Presorting Data for Faster Indexing

You can improve the performance of direct path loads by presorting your data on indexed columns. Presorting minimizes temporary storage requirements during the load. Presorting also enables you to take advantage of high-performance sorting routines that are optimized for your operating system or application.

If the data is presorted and the existing index is not empty, then presorting minimizes the amount of temporary segment space needed for the new keys. The sort routine appends each new key to the key list.

Instead of requiring extra space for sorting, only space for the keys is needed. To calculate the amount of storage needed, use a sort factor of 1.0 instead of 1.3. For more information about estimating storage requirements, see "Temporary Segment Storage Requirements".

If presorting is specified and the existing index is empty, then maximum efficiency is achieved.

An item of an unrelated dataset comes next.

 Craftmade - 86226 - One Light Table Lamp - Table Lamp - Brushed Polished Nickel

The new keys are simply inserted into the index. Instead of having a temporary segment and new index existing simultaneously with the empty, old index, only the new index exists. So, temporary storage is not required, and time is saved.

SORTED INDEXES Clause

The SORTED INDEXES clause identifies the indexes on which the data is presorted. This clause is allowed only for direct path loads. See case study 6, Loading Data Using the Direct Path Load Method, for an example. (See "SQL*Loader Case Studies" for information on how to access case studies.)

Generally, you specify only one index in the SORTED INDEXES clause, because data that is sorted for one index is not usually in the right order for another index. When the data is in the same order for multiple indexes, however, all indexes can be specified at once.

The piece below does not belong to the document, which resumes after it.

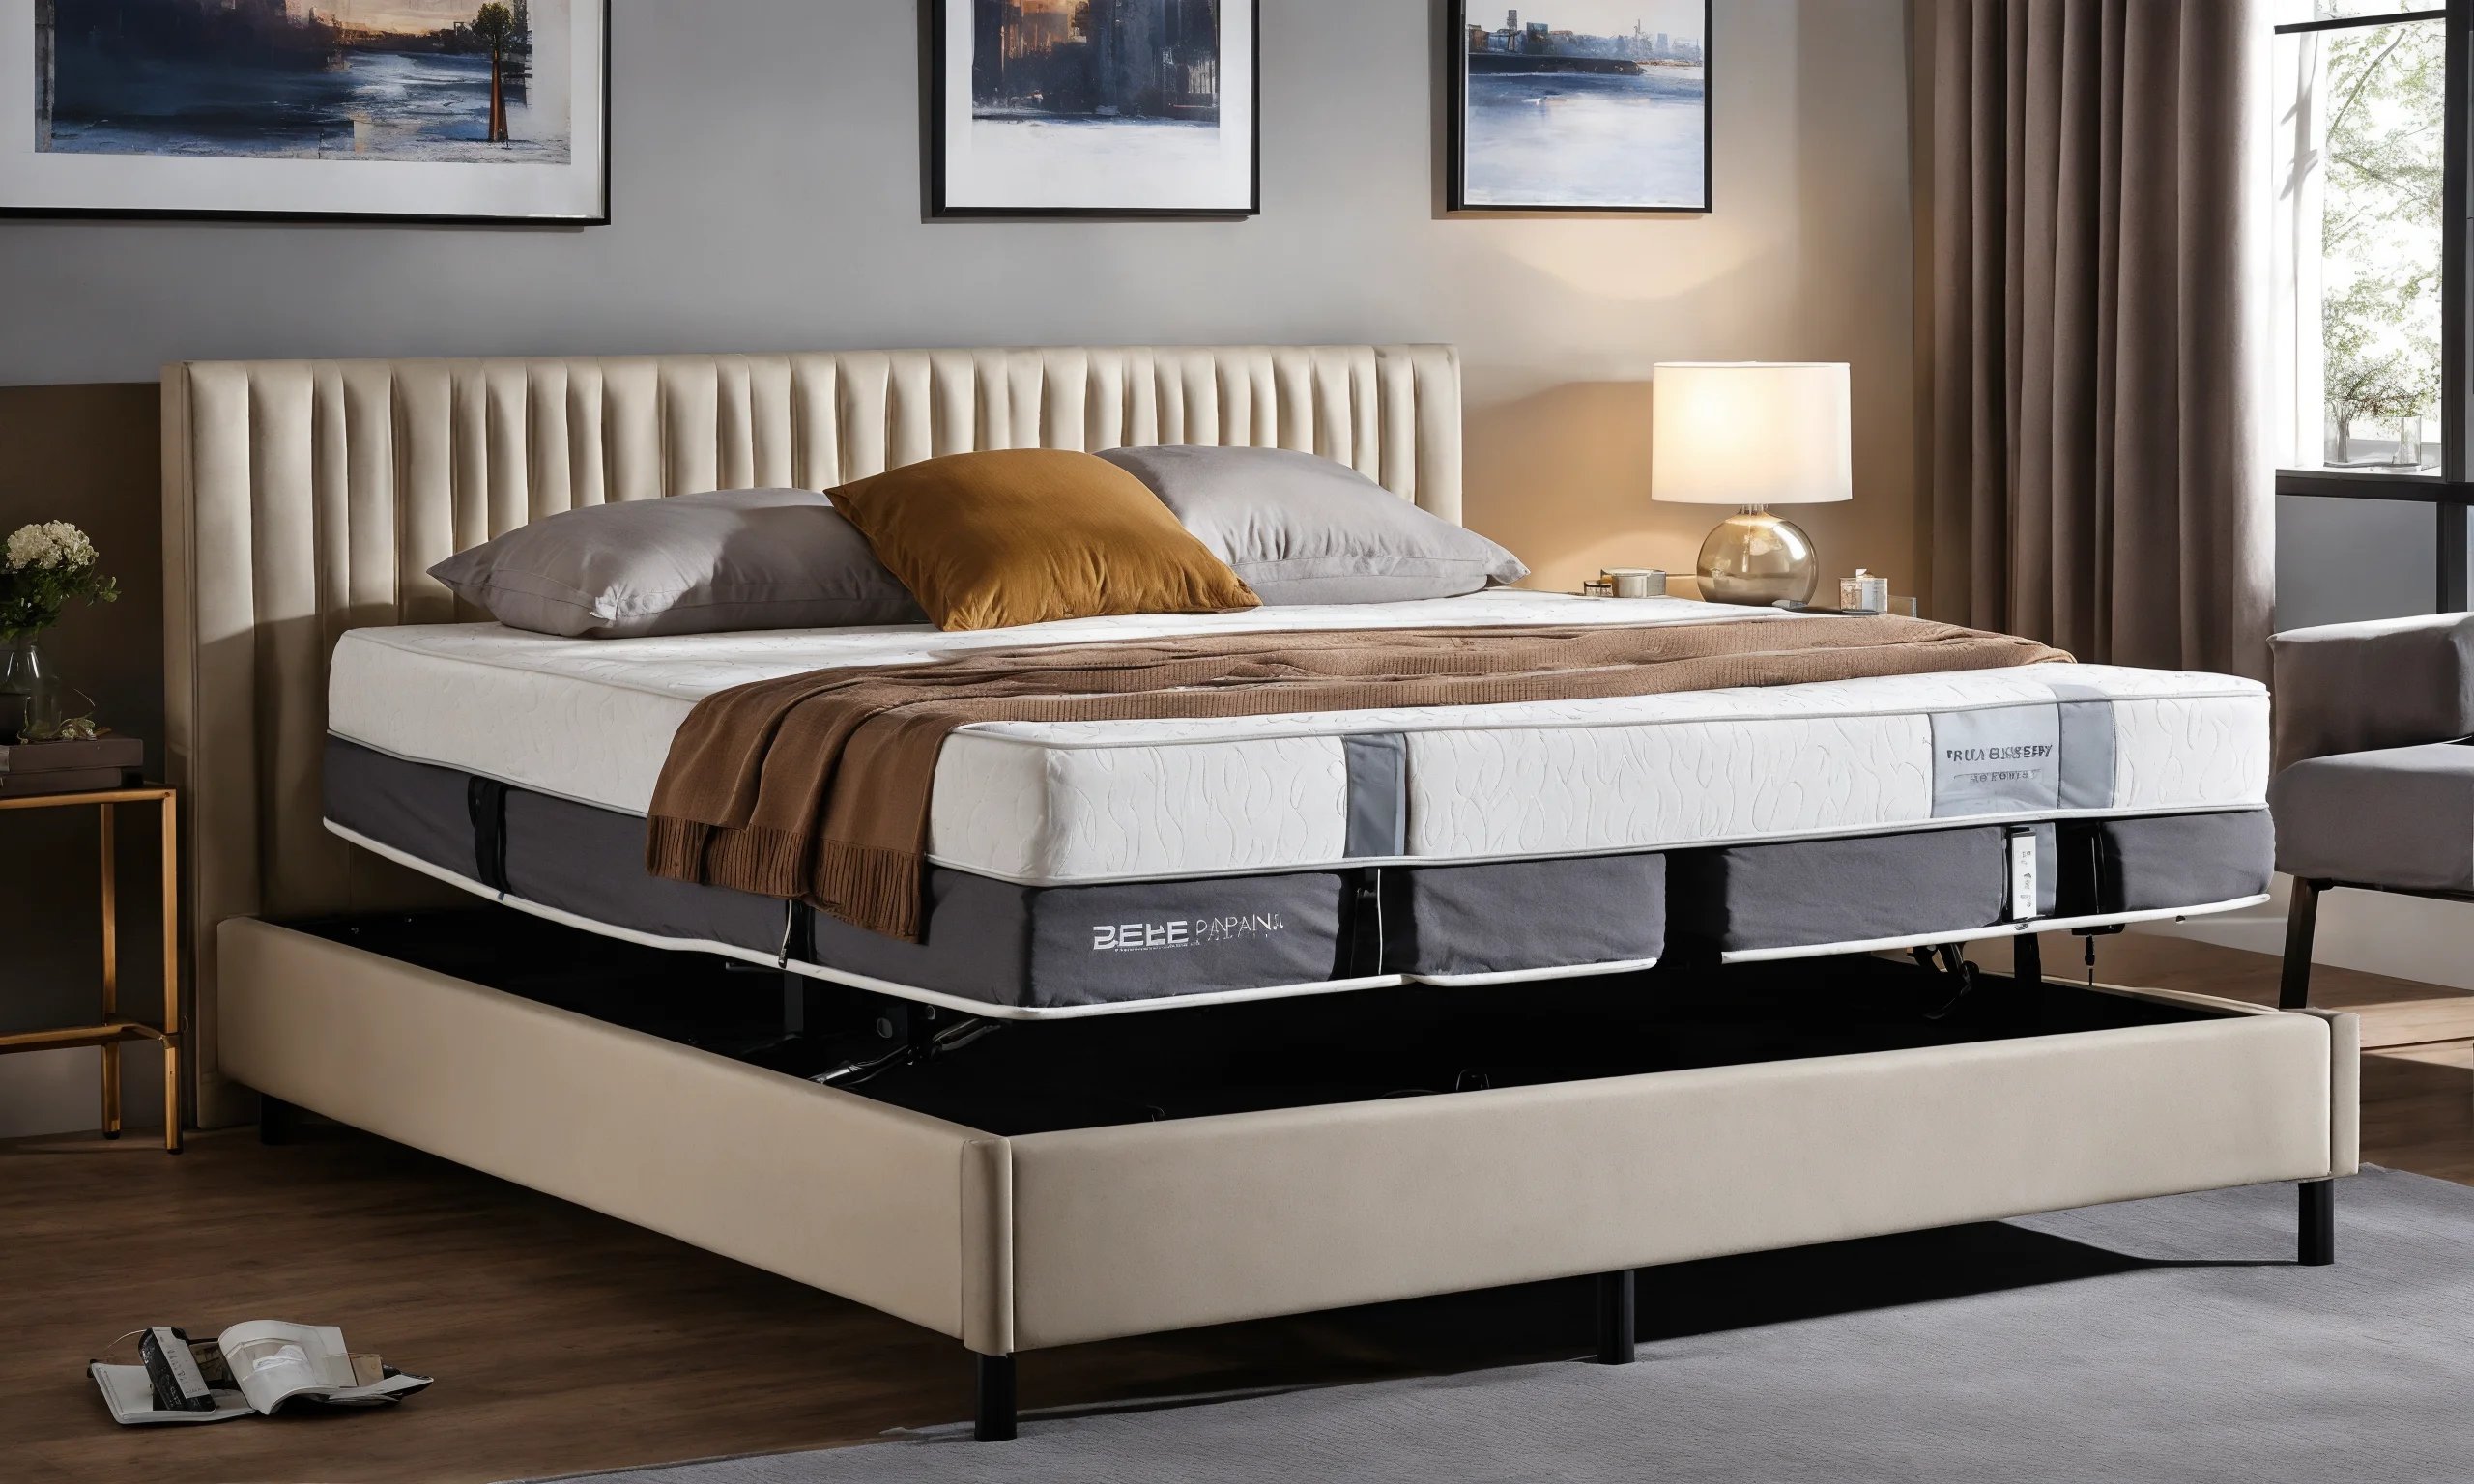 How to Choose a Bedskirt for an Adjustable Bed

All indexes listed in the SORTED INDEXES clause must be created before you start the direct path load.

Unsorted Data

If you specify an index in the SORTED INDEXES clause, and the data is not sorted for that index, then the index is left in an Index Unusable state at the end of the load. The data is present, but any attempt to use the index results in an error. Any index that is left in an Index Unusable state must be rebuilt after the load.

Multiple-Column Indexes

If you specify a multiple-column index in the SORTED INDEXES clause, then the data should be sorted so that it is ordered first on the first column in the index, next on the second column in the index, and so on.

For example, if the first column of the index is city, and the second column is last name; then the data should be ordered by name within each city, as in the following list:

Albuquerque      Adams
Albuquerque      Hartstein
Albuquerque      Klein
...         ...
Boston           Andrews
Boston           Bobrowski
Boston           Heigham
...              ...

Choosing the Best Sort Order

For the best overall performance of direct path loads, you should presort the data based on the index that requires the most temporary segment space. For example, if the primary key is one numeric column, and the secondary key consists of three text columns, then you can minimize both sort time and storage requirements by presorting on the secondary key.

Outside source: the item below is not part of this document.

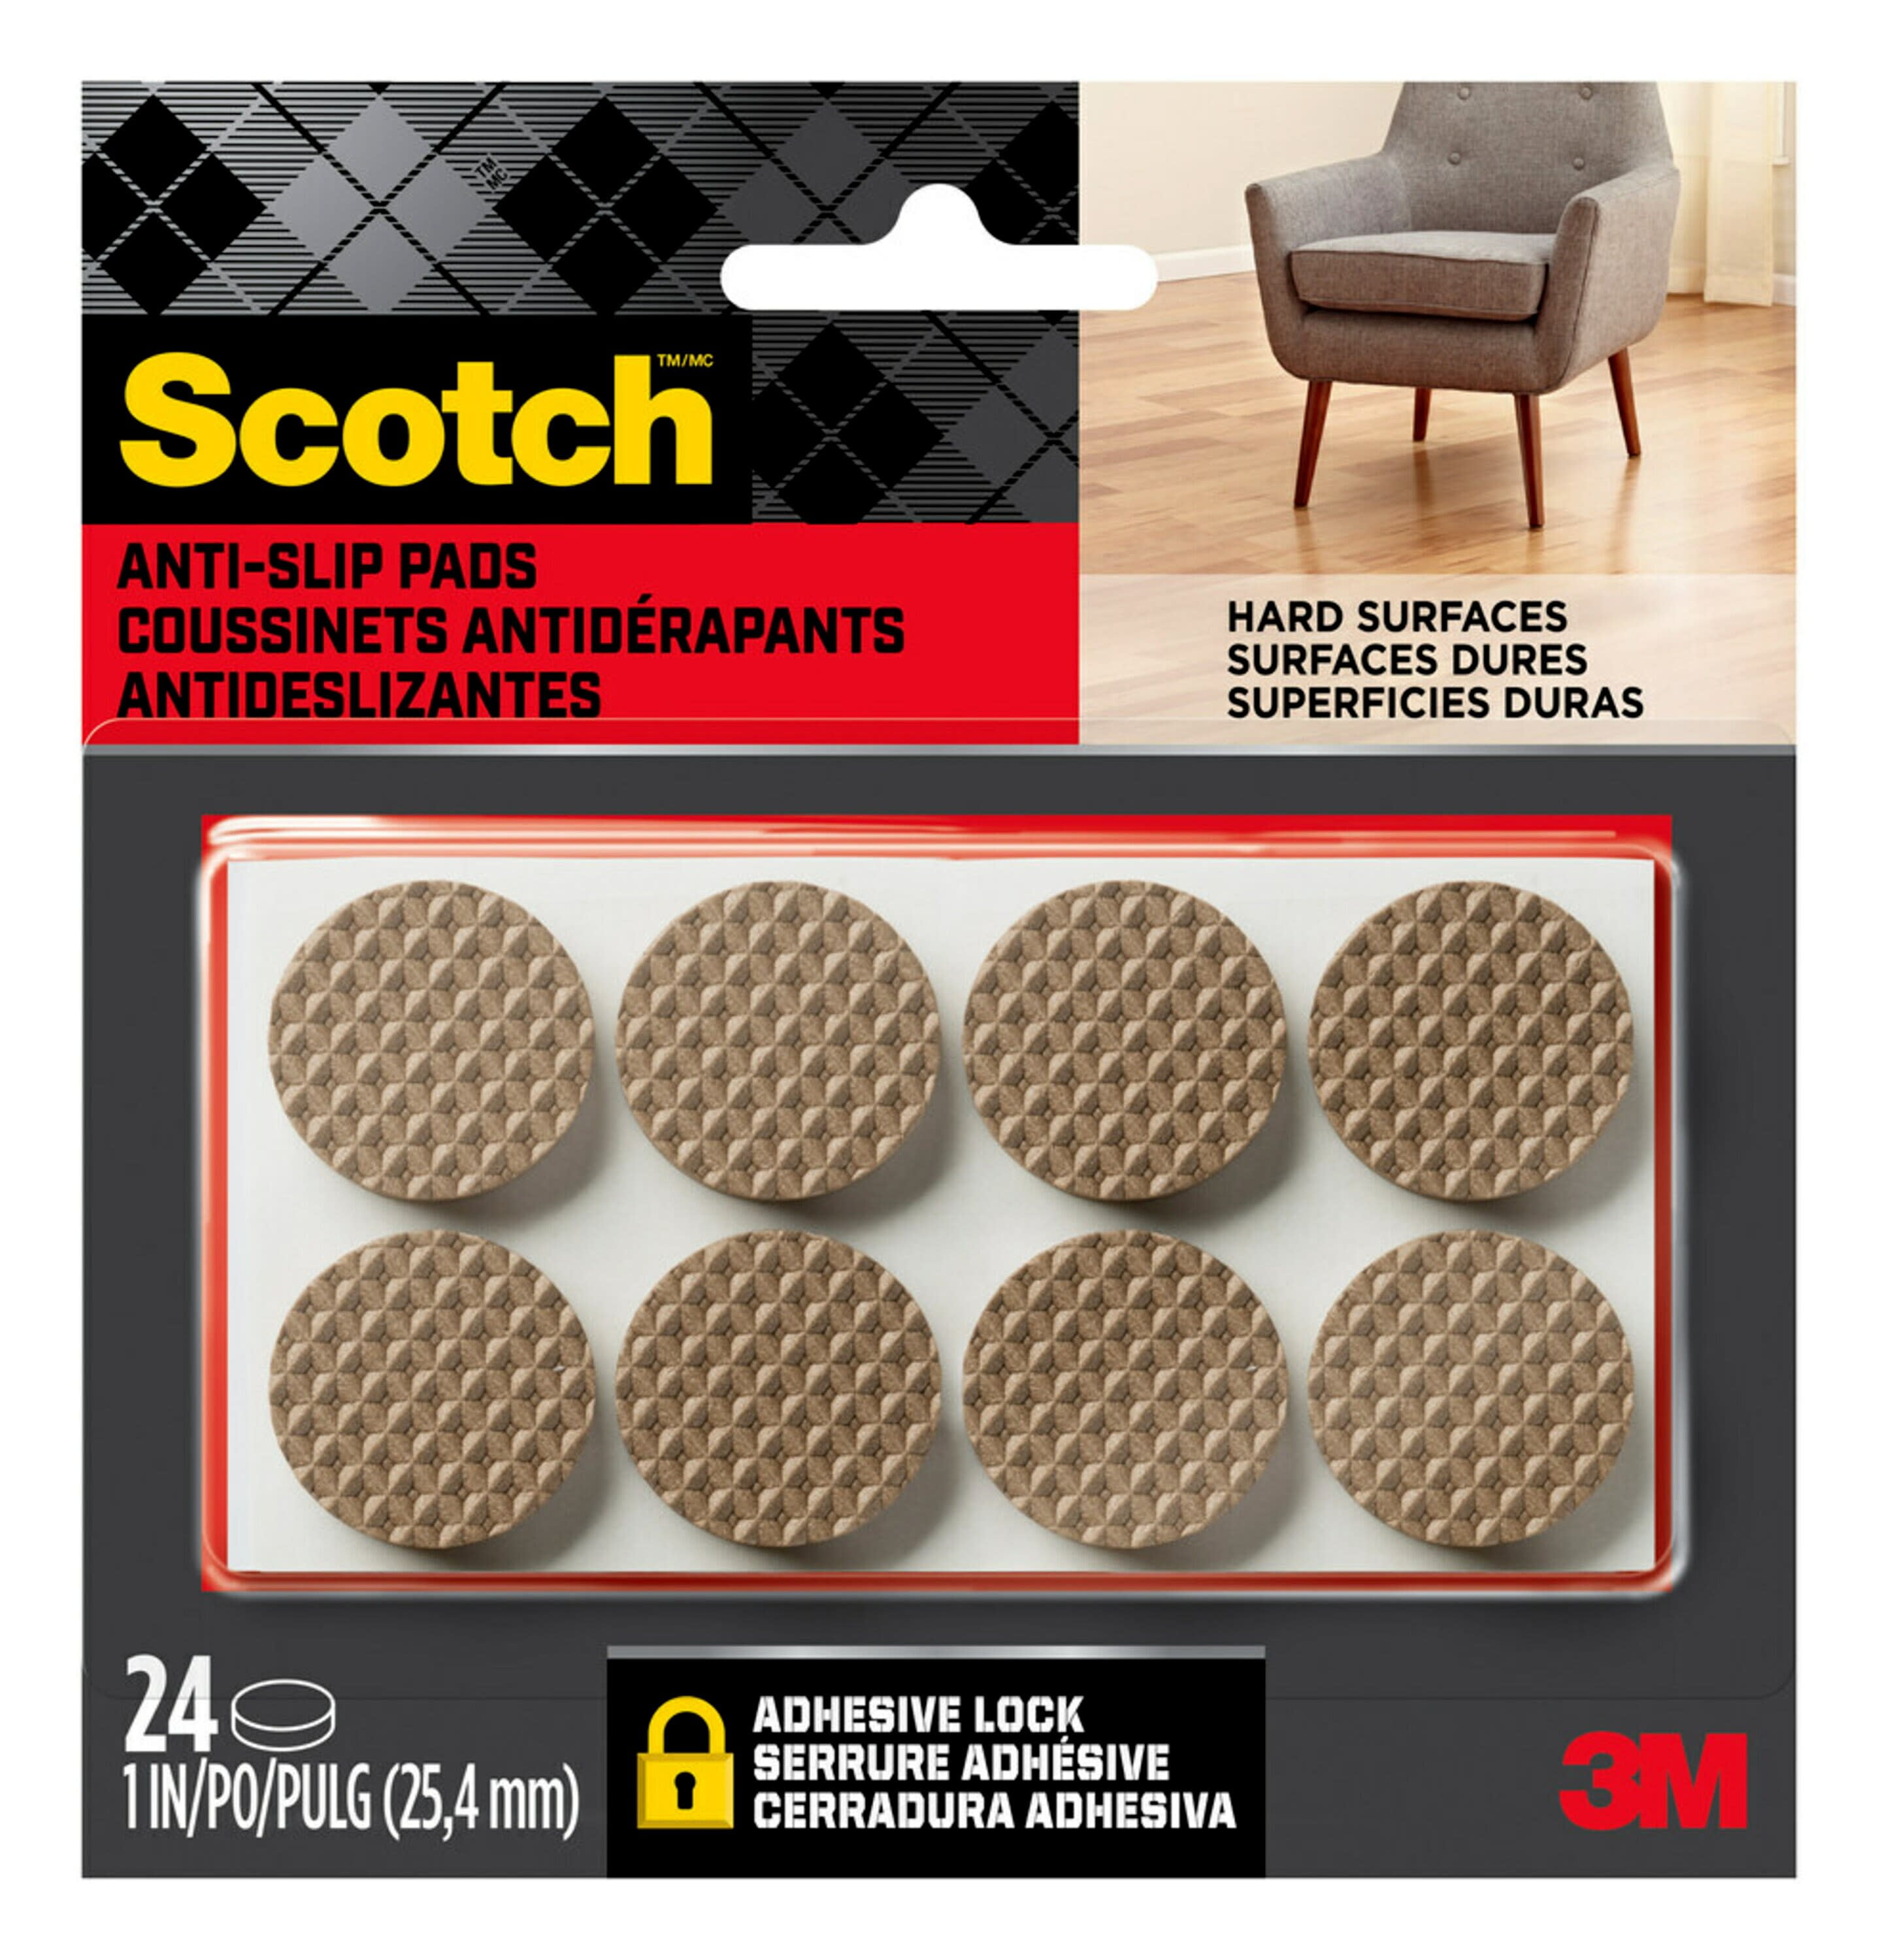 Scotch Gripping Pads, 1 in. Diameter, Brown, 24/Pack, Non-Slip Protection For Hard Surfaces

To determine the index that requires the most storage space, use the following procedure:

  1. For each index, add up the widths of all columns in that index.
  2. For a single-table load, pick the index with the largest overall width.
  3. For each table in a multiple-table load, identify the index with the largest overall width. If the same number of rows are to be loaded into each table, then again pick the index with the largest overall width. Usually, the same number of rows are loaded into each table.
  4. If a different number of rows are to be loaded into the indexed tables in a multiple-table load, then multiply the width of each index identified in Step 3 by the number of rows that are to be loaded into that index, and pick the index with the largest result.